# [EXERCISE]
Look through the data below and output, unchanged, every line from the one holding "Patek Philippe 5172G Chronograph Replica" through the one holding "Square Logo - PredictSpring mPOS Partner", inclusive. Skip the pictures.

# [PROVIDED DATA]
____
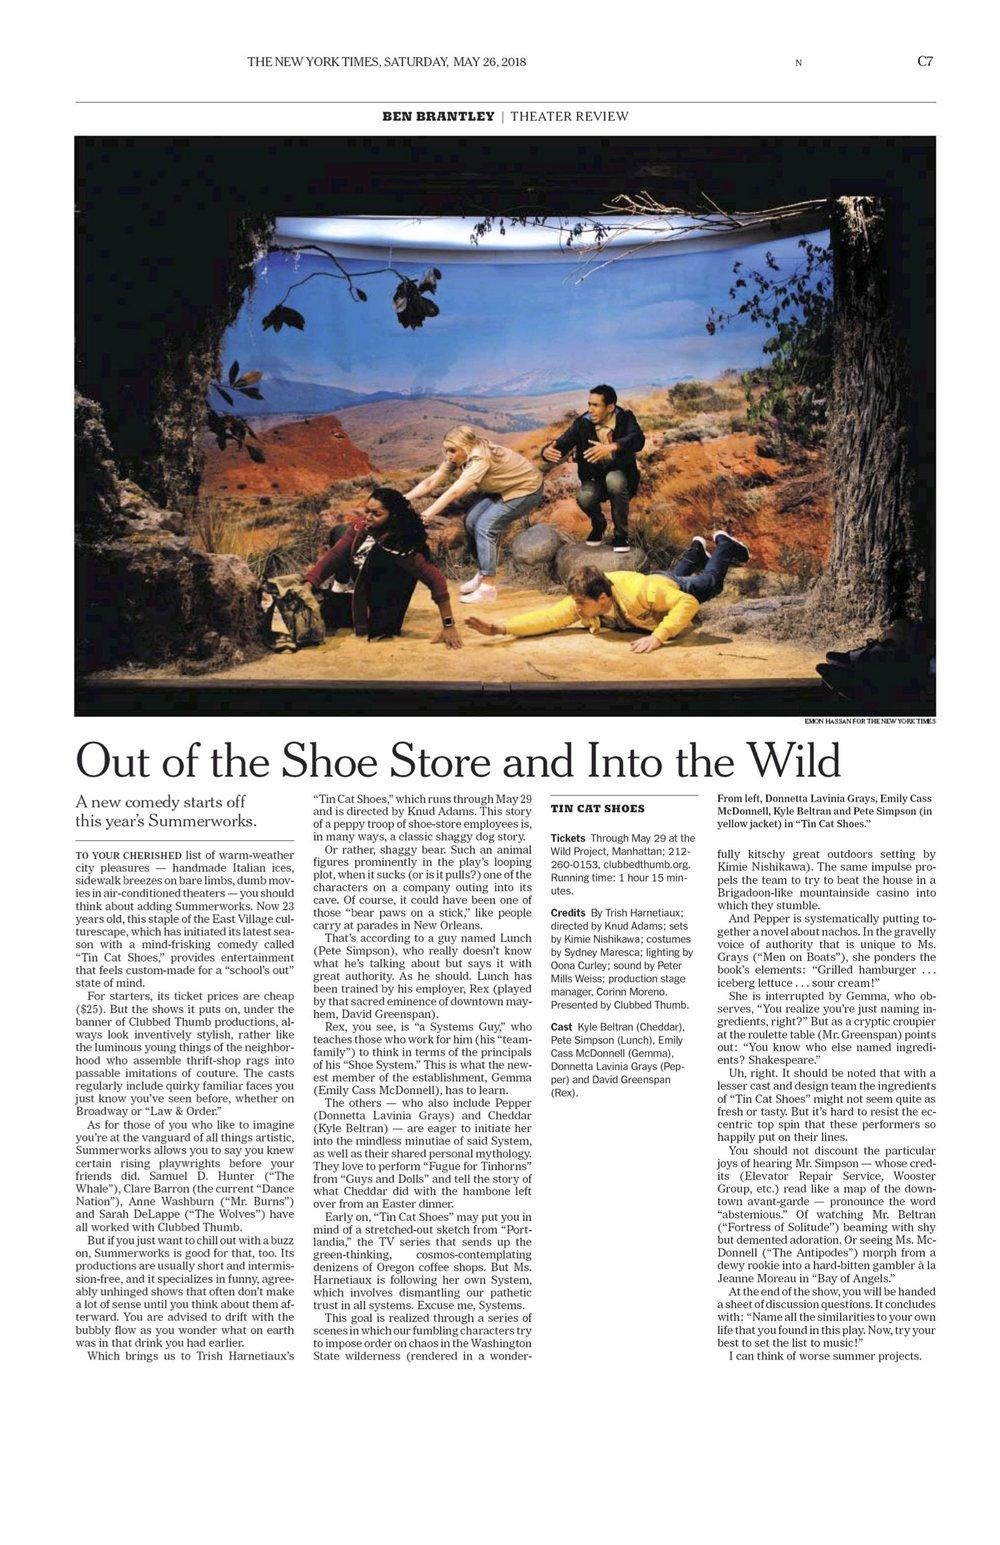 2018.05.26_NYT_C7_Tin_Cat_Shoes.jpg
____
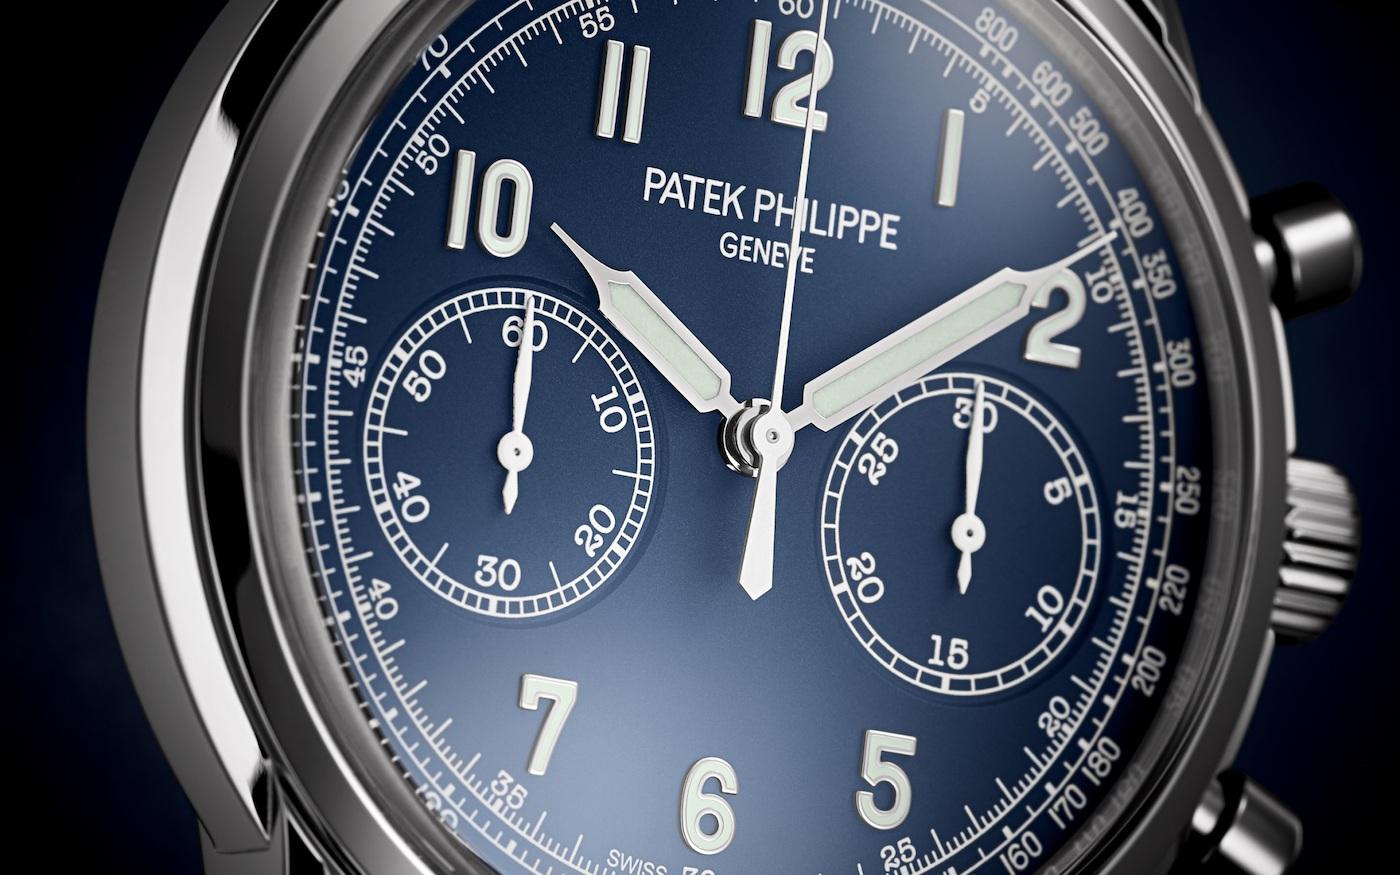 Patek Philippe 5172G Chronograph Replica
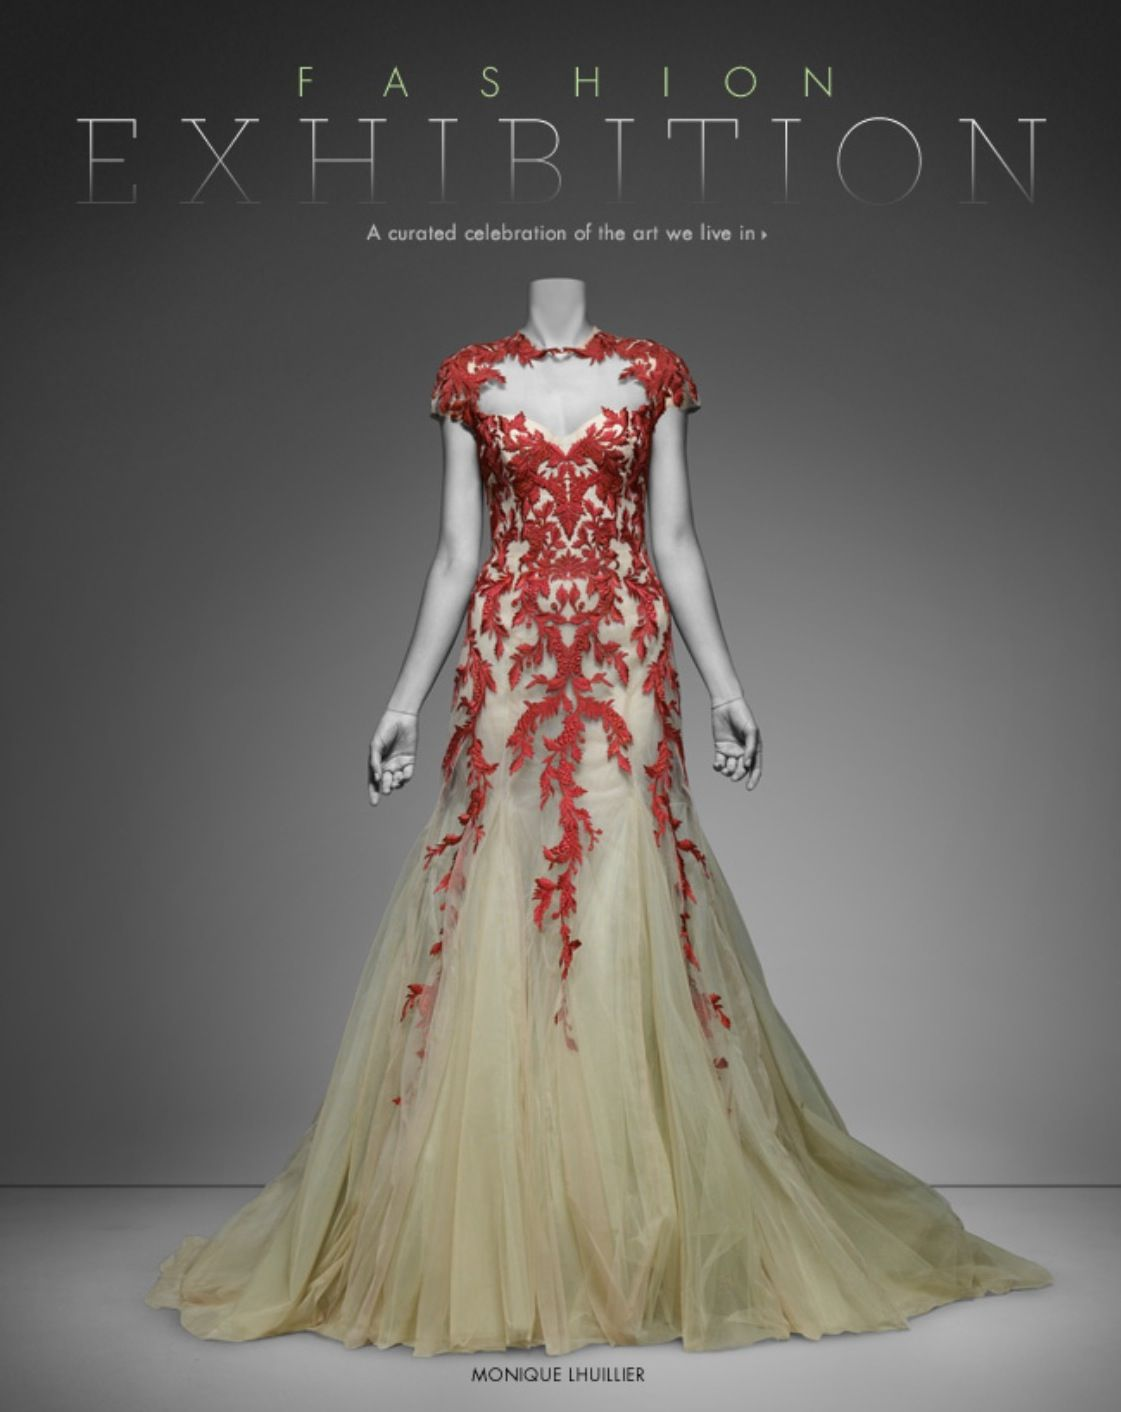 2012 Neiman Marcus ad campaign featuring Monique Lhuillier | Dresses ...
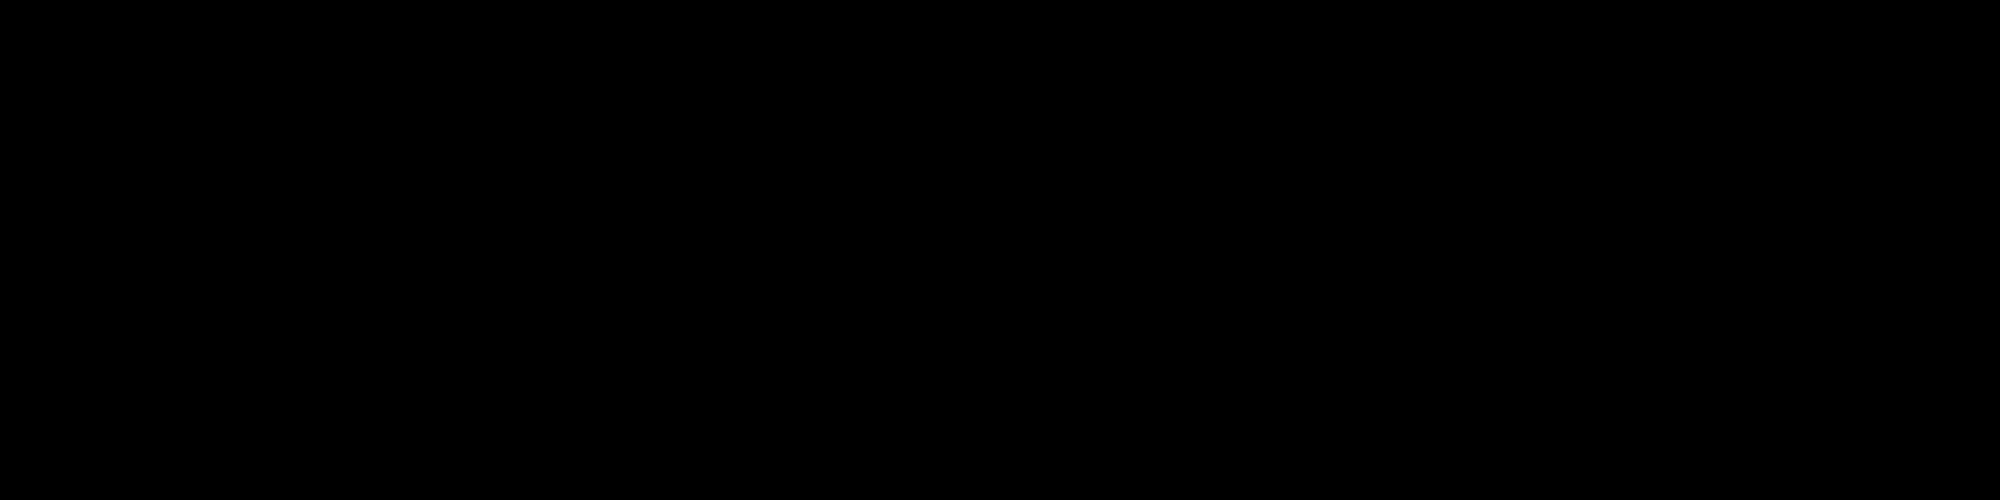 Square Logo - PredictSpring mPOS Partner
____
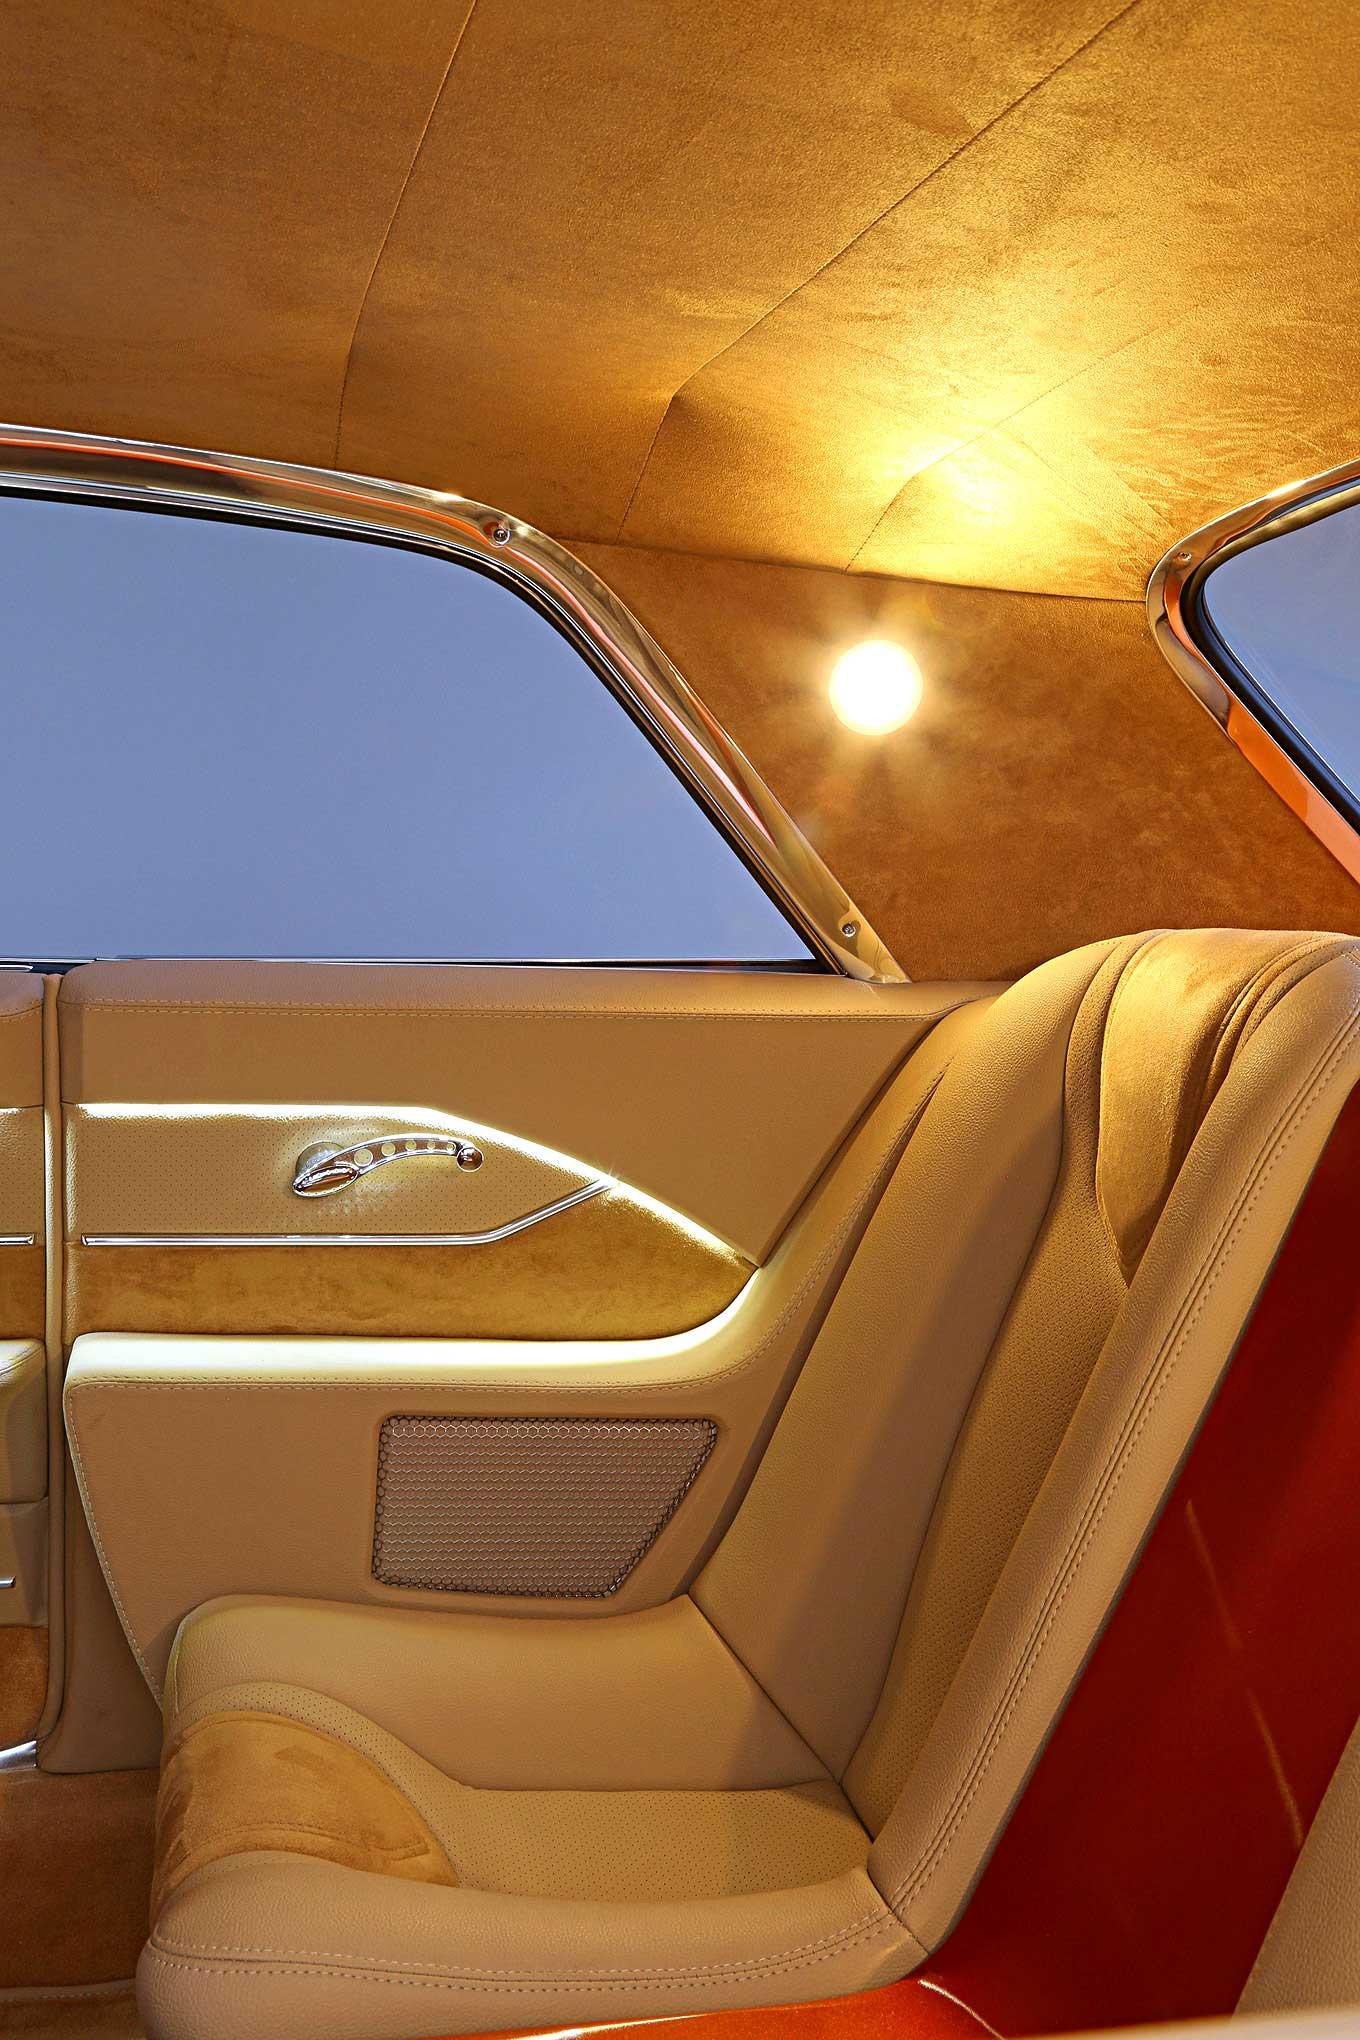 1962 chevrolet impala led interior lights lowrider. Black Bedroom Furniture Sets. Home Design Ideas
____
# [RESPONSE]
 Patek Philippe 5172G Chronograph Replica
 2012 Neiman Marcus ad campaign featuring Monique Lhuillier | Dresses ...
 Square Logo - PredictSpring mPOS Partner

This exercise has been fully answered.